= TAS classification =

Naming system for volcanic rocks

TAS stands for Total Alkali Silica. The TAS classification can be used to assign names to many common types of volcanic rocks based upon the relationships between the combined alkali and silica contents. These chemical parameters are useful because the relative proportions of alkalis and silica are important in determining both normative mineralogy and actual mineralogy. The classification can be simple to use for rocks that have been chemically analyzed. Except for the following quotation from Johannsen (1937), this discussion is based upon Le Maitre et al (2002).

==Use of the TAS classification==

Before using the TAS or any other classification, some particular guidance by Johannsen (1937) should be kept in mind.
Many and peculiar are the classifications that have been proposed for igneous rocks. Their variability depends in part upon the purpose for which each was intended, and in part upon the difficulties arising from the characters of the rocks themselves. The trouble is not with the classifications but with nature which did not make things right. … Rocks must be classified in order to compare them with others, previously described, of similar composition and appearance. If this cannot be done on a genetic basis, then an artificial system must answer in order to serve as a card index to rock descriptions. Although this may be an evil thing, it is, at least, the least of several evils.

The TAS classification cannot be applied to all volcanic rocks—as discussed in detail by Le Maitre et al (2002). Certain rocks cannot be classified/named using the diagram. For others, additional chemical, mineralogic, or textural criteria must be used, as e.g. lamprophyres.
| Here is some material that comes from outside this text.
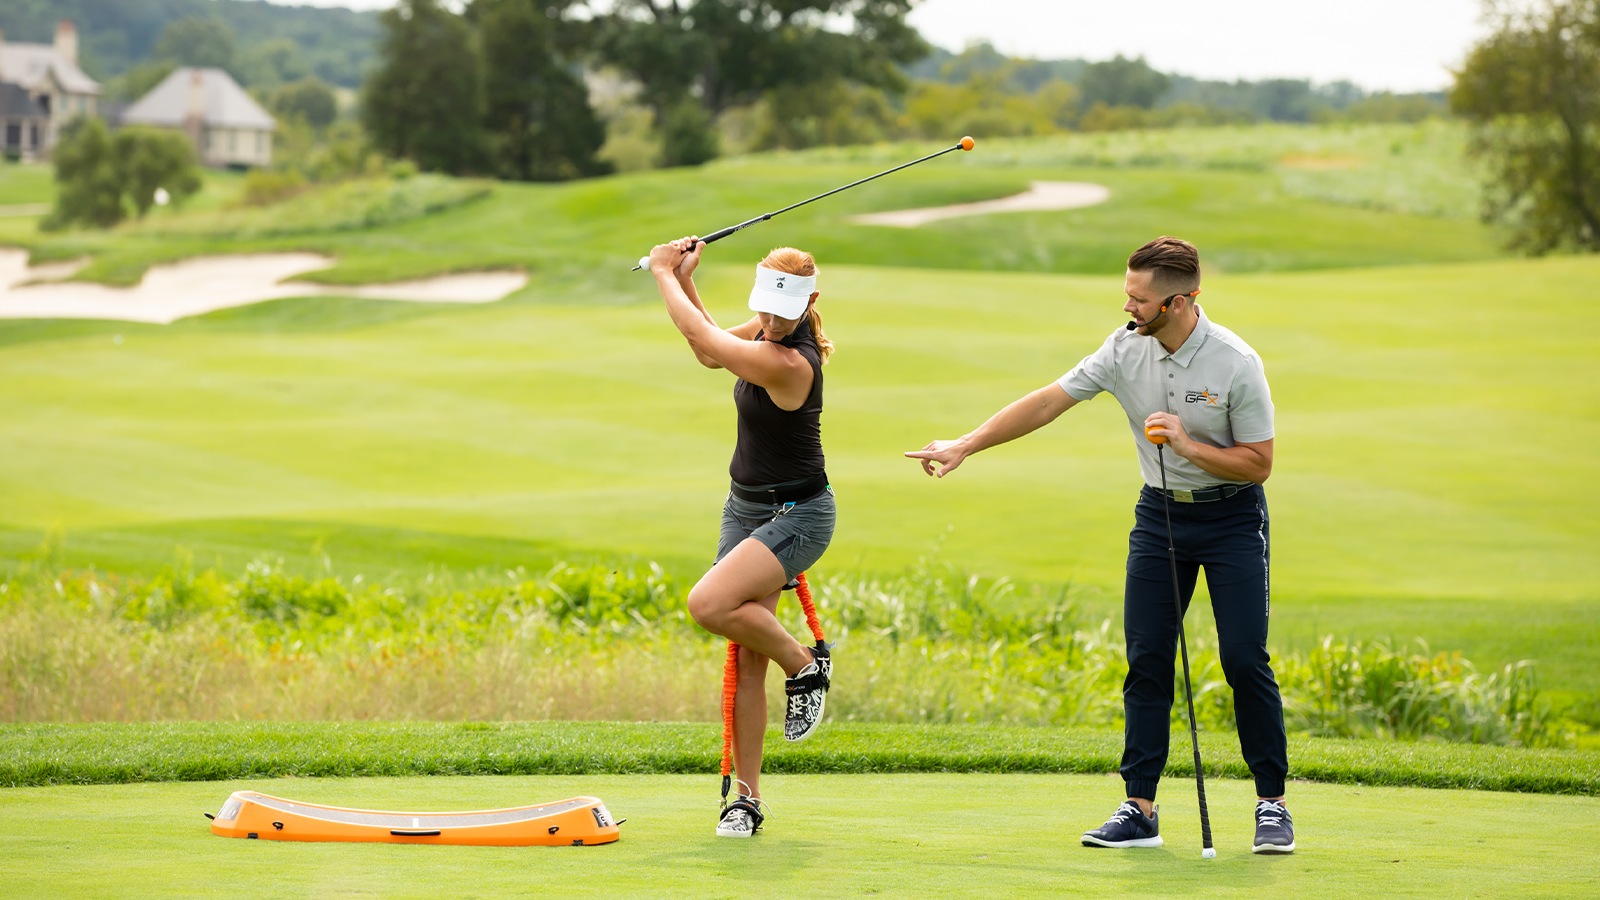 Three Drills to Improve Your Golf Performance

The TAS classification should be applied only to rocks for which the mineral mode analysis cannot be determined. Otherwise, a scheme based on mineralogy, such as the QAPF diagram, or one of the other diagrams available for igneous rocks may be suitable. Before classifying rocks using the TAS diagram, the chemical analyses must be recalculated to 100% excluding water and carbon dioxide.

==The TAS diagram==

TAS Diagram. This version is based upon coordinates provided by Le Maitre et al. (2002).

The names provided by Le Maitre et al. (2002) for fields in the TAS diagram are listed below.

B (Basalt)—Use normative mineralogy to subdivide.

O1 (Basaltic andesite)

O2 (Andesite)

O3 (Dacite)

R (Rhyolite)

T (Trachyte or trachydacite)—Use normative mineralogy to decide.

Ph (Phonolite)

S1 (Trachybasalt)—*Sodic and potassic variants are hawaiite and potassic trachybasalt.

S2 (Basaltic trachyandesite)—*Sodic and potassic variants are mugearite and shoshonite.

S3 (Trachyandesite—*Sodic and potassic variants are benmoreite and latite.

Pc (Picrobasalt)

U1 (Basanite or tephrite)—Use normative mineralogy to decide.

U2 (Phonotephrite)

U3 (Tephriphonolite)

F (Foidite)—When possible, classify/name according to the dominant feldspathoid. Melilitites also plot in this area and can be distinguished by additional chemical criteria.

(*)Sodic as used above means that Na_{2}O - 2 is greater than K_{2}O, and potassic that Na_{2}O - 2 is less than K_{2}O. Yet other names have been applied to rocks particularly rich in either sodium or potassium—as are ultrapotassic igneous rocks.